*What to do*.
Take the lines below from the one with "JOEMARS EURO SPARK" through the one with "soccerball цэнхэр хар" and print only them, exactly. Don't print the pictures.

*Material for the task*.
════════════════════
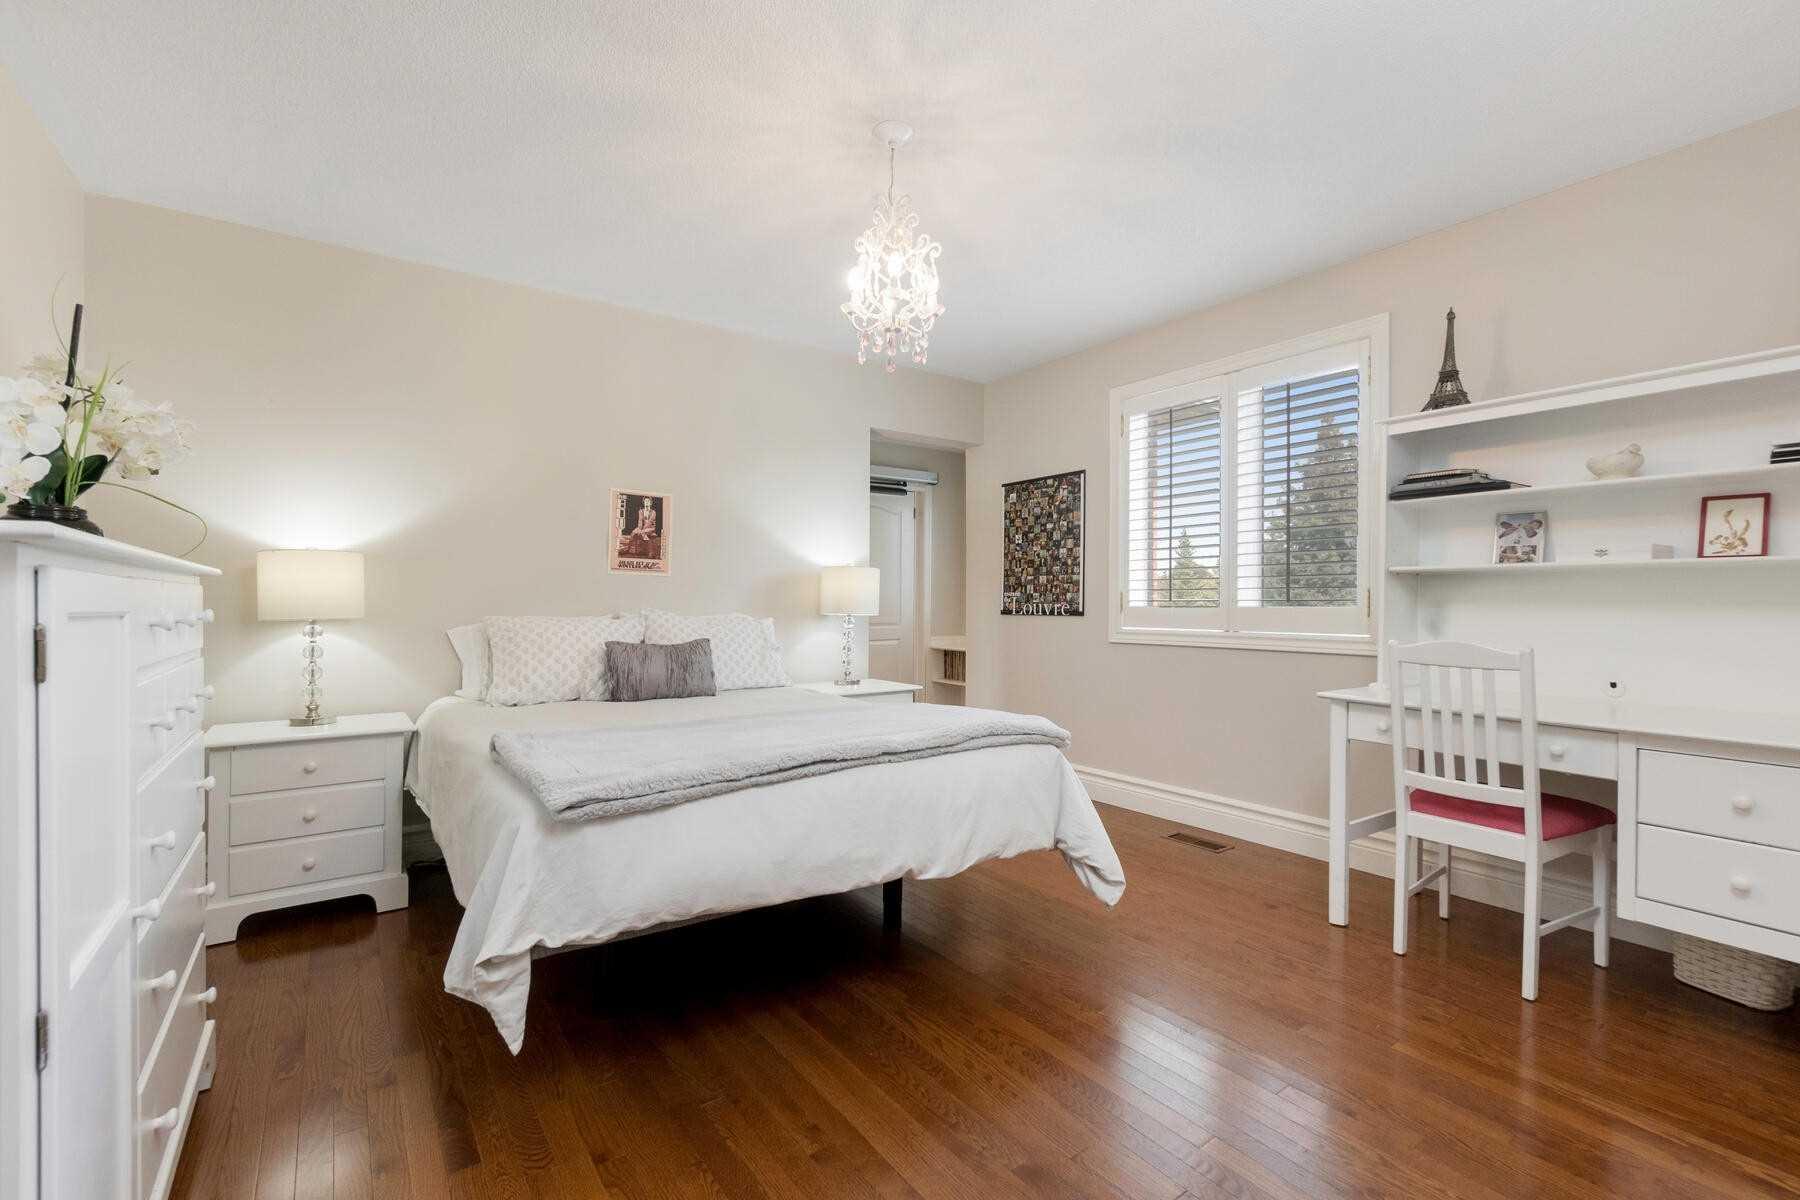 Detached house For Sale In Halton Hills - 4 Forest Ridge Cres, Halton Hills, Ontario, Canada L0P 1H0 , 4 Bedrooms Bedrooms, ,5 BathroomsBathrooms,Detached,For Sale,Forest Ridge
════════════════════
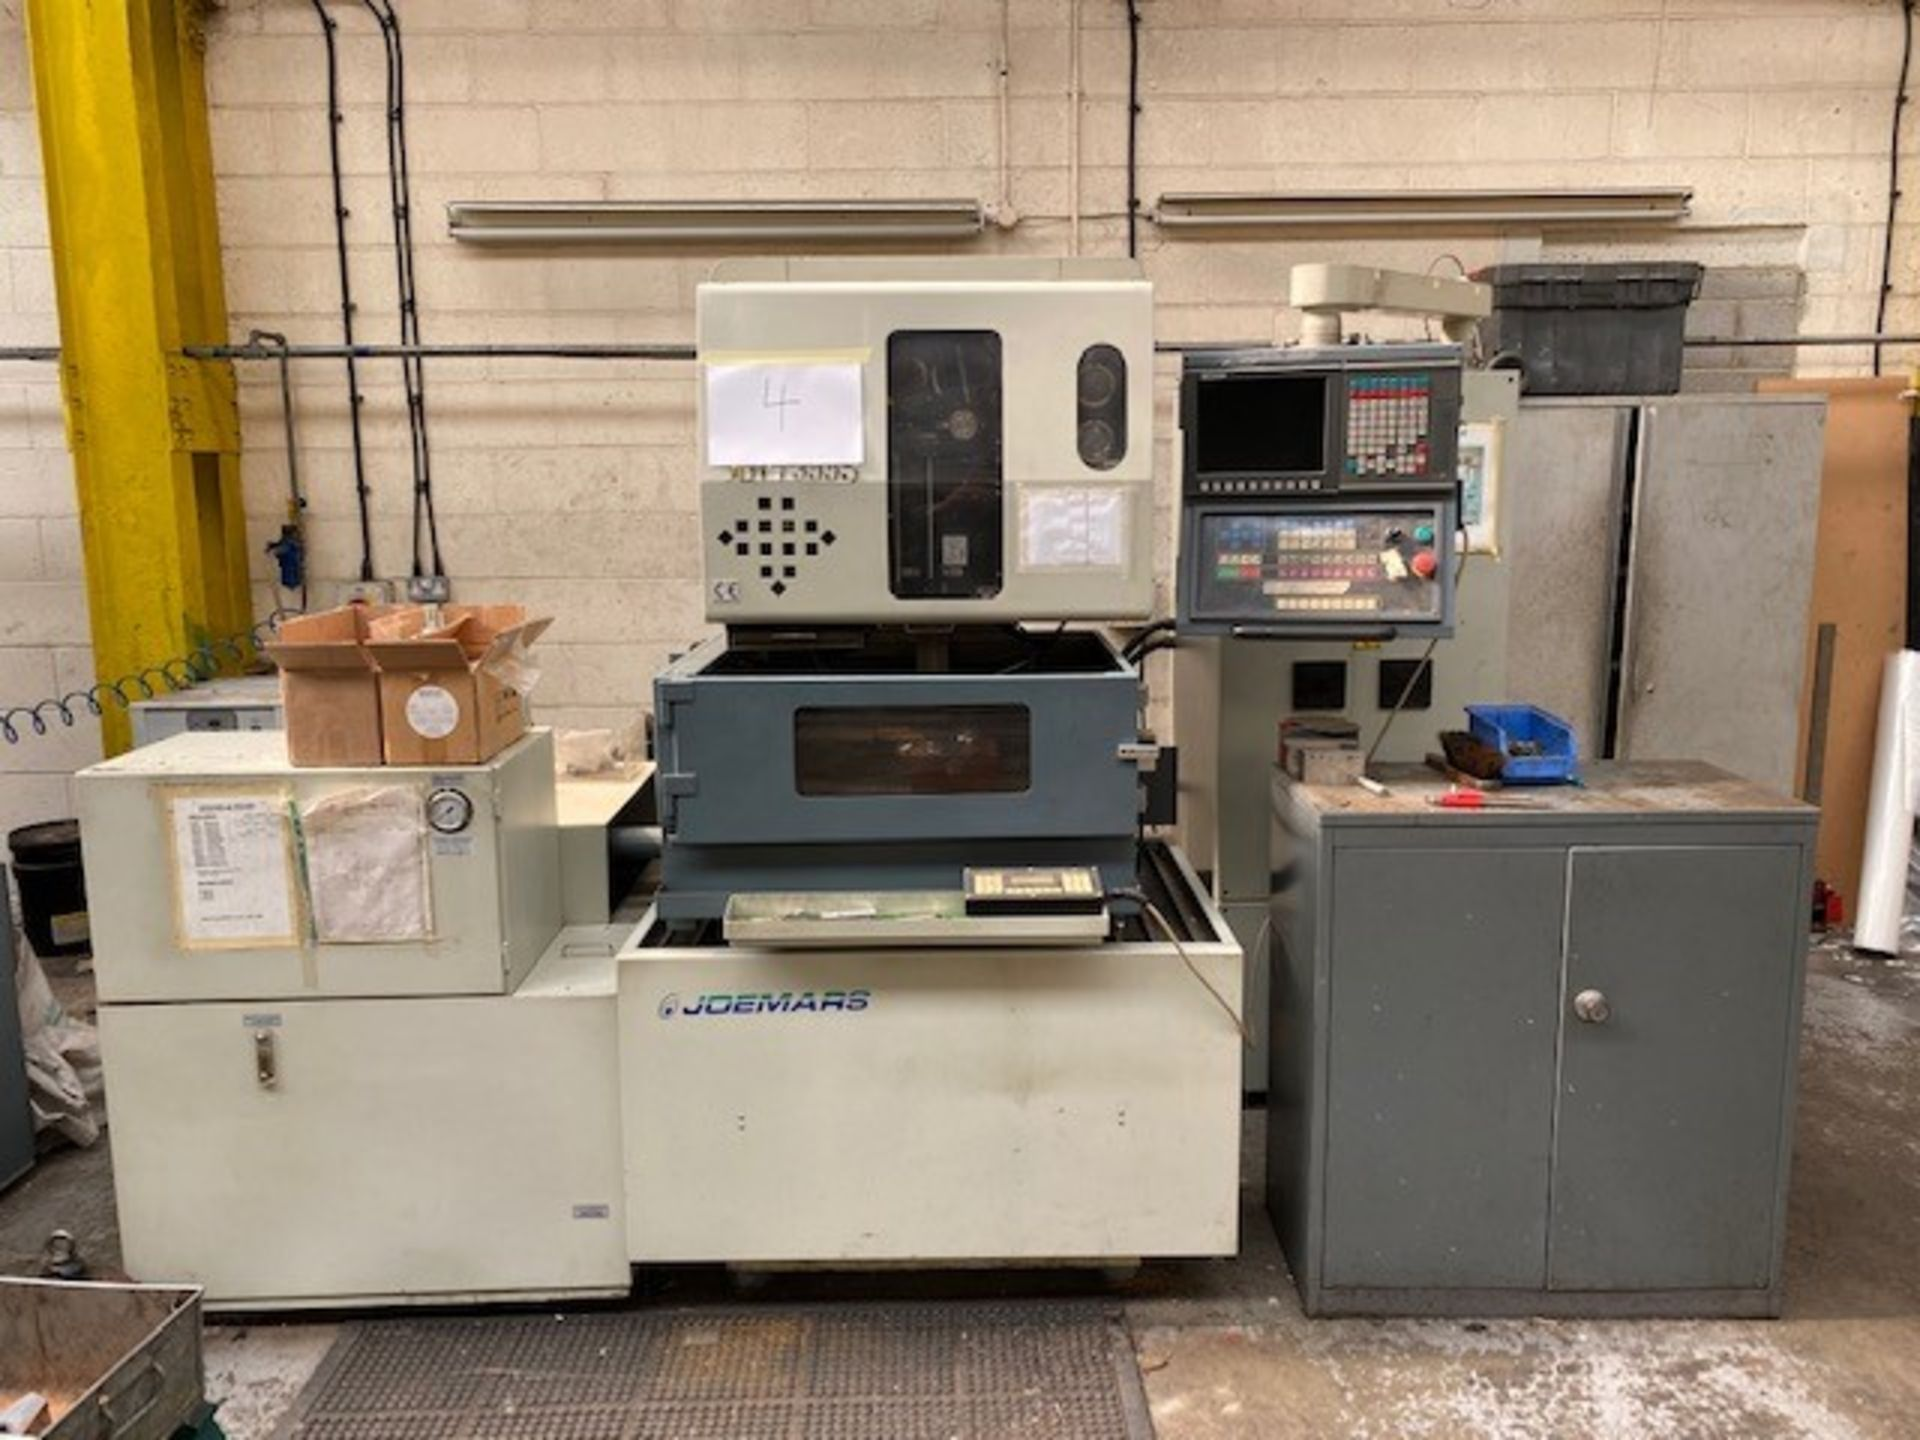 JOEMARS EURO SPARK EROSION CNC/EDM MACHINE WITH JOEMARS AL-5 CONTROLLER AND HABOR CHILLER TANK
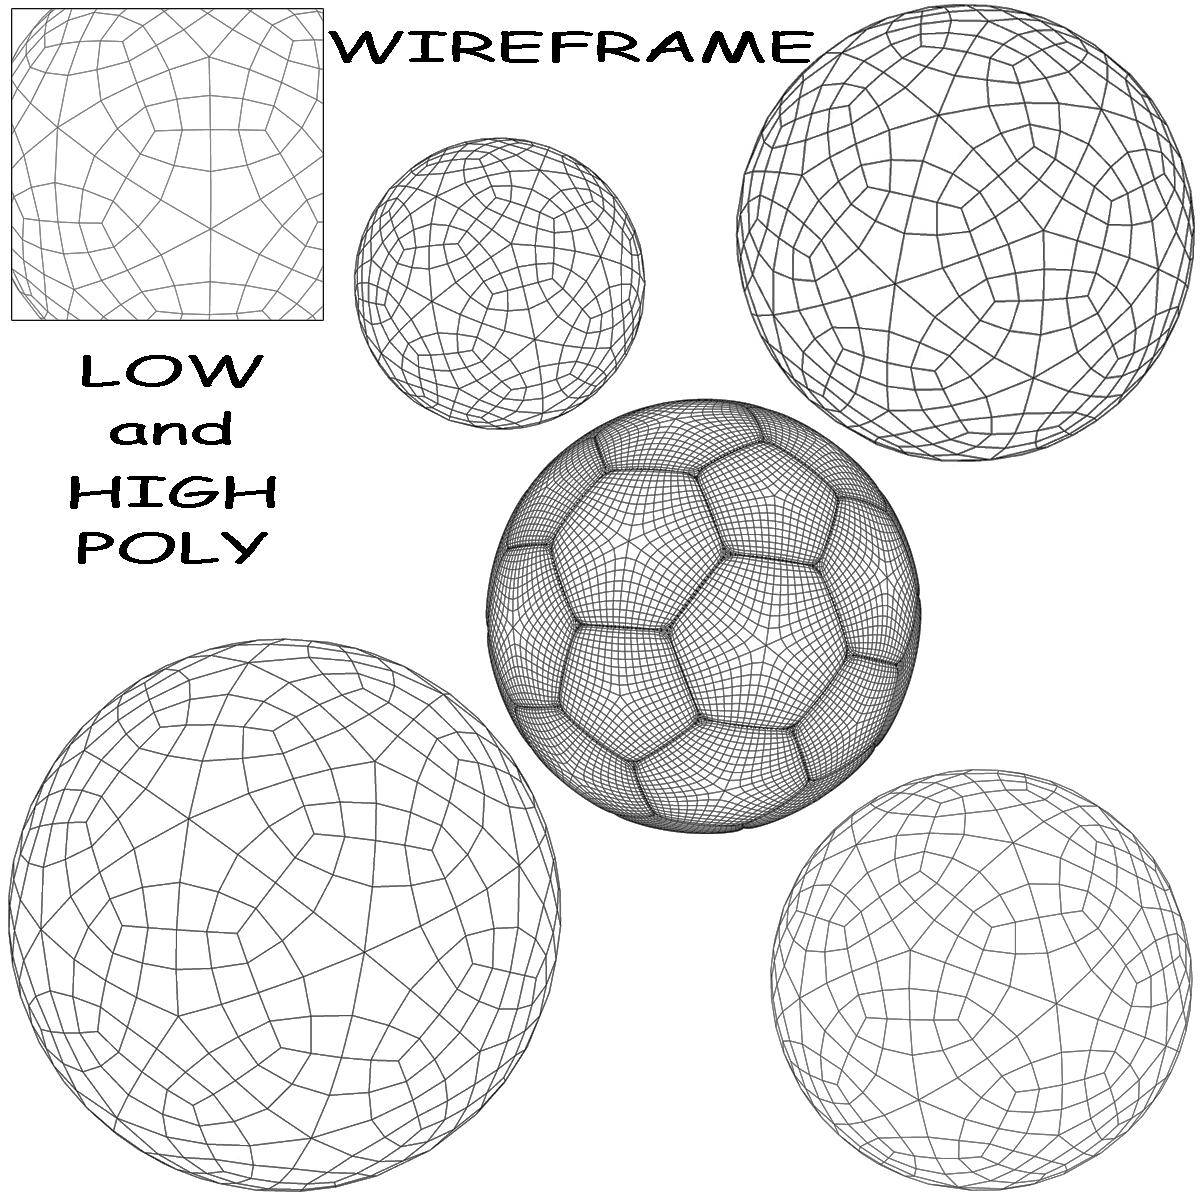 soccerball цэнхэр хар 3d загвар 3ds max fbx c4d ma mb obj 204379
════════════════════
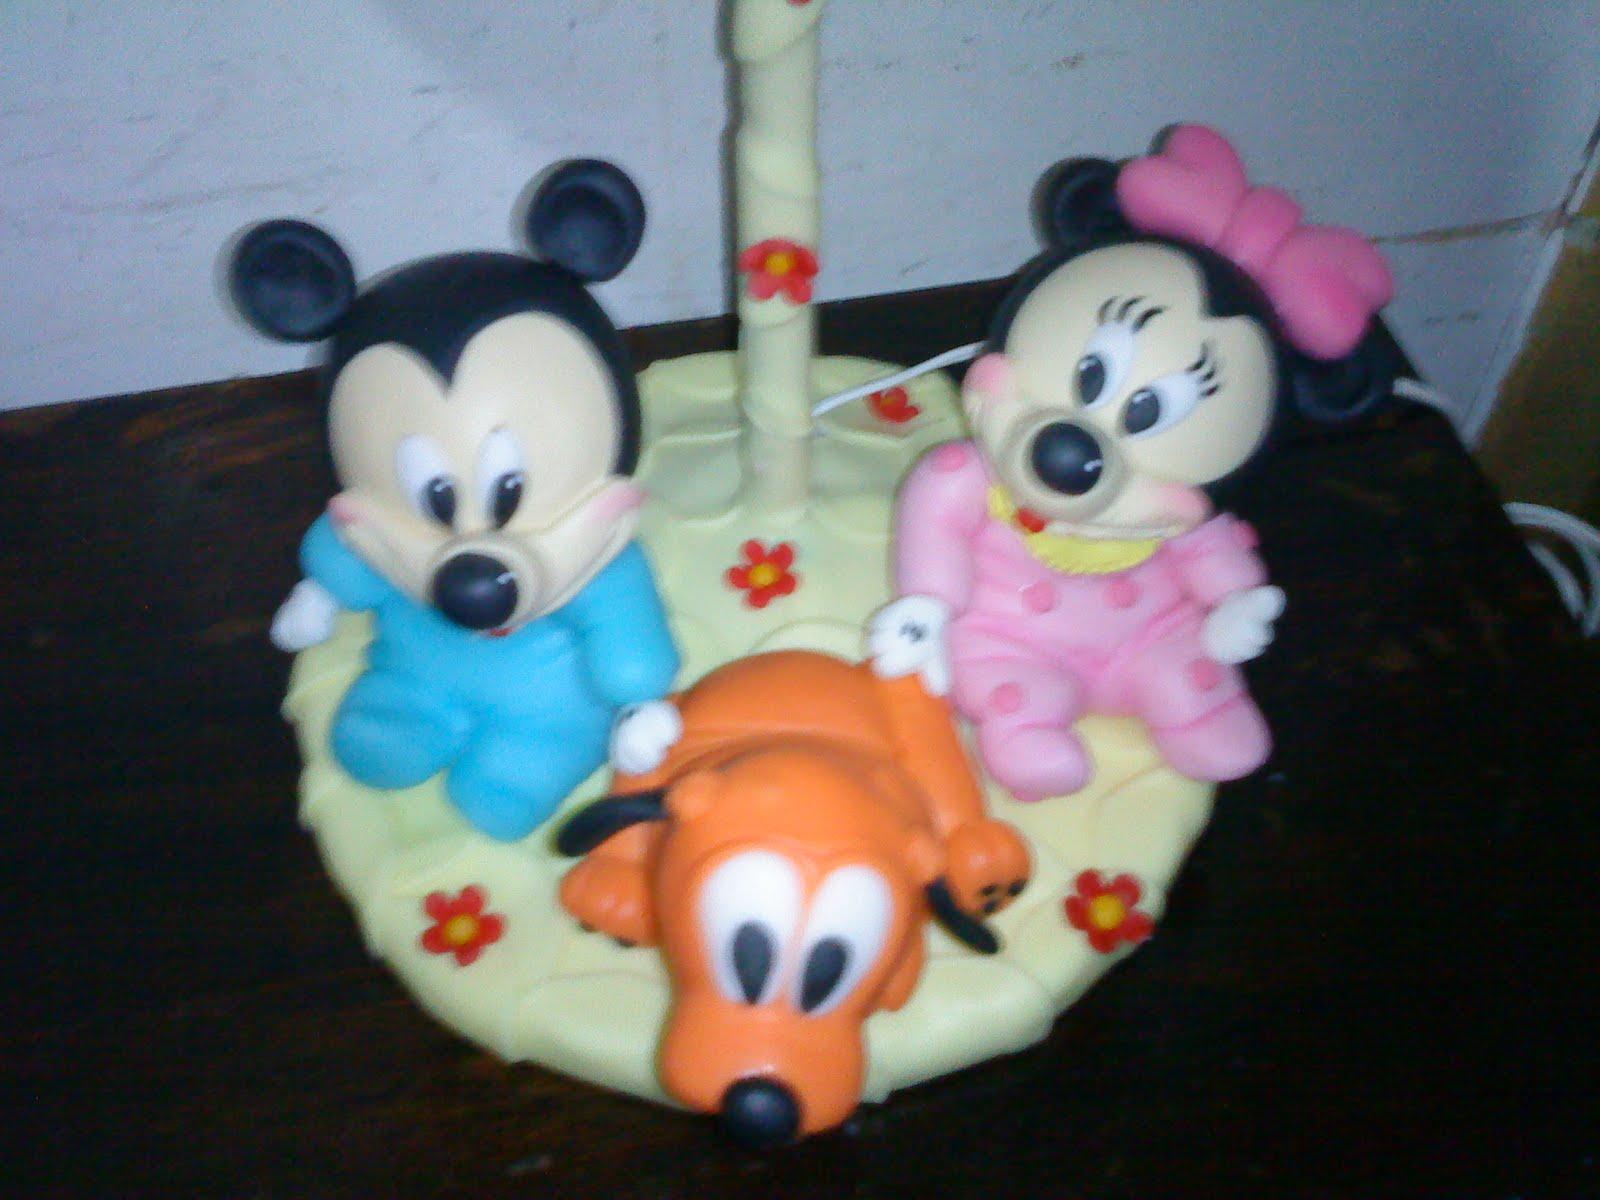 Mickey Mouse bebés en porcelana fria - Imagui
════════════════════
*Answer*.
 JOEMARS EURO SPARK EROSION CNC/EDM MACHINE WITH JOEMARS AL-5 CONTROLLER AND HABOR CHILLER TANK
 soccerball цэнхэр хар 3d загвар 3ds max fbx c4d ma mb obj 204379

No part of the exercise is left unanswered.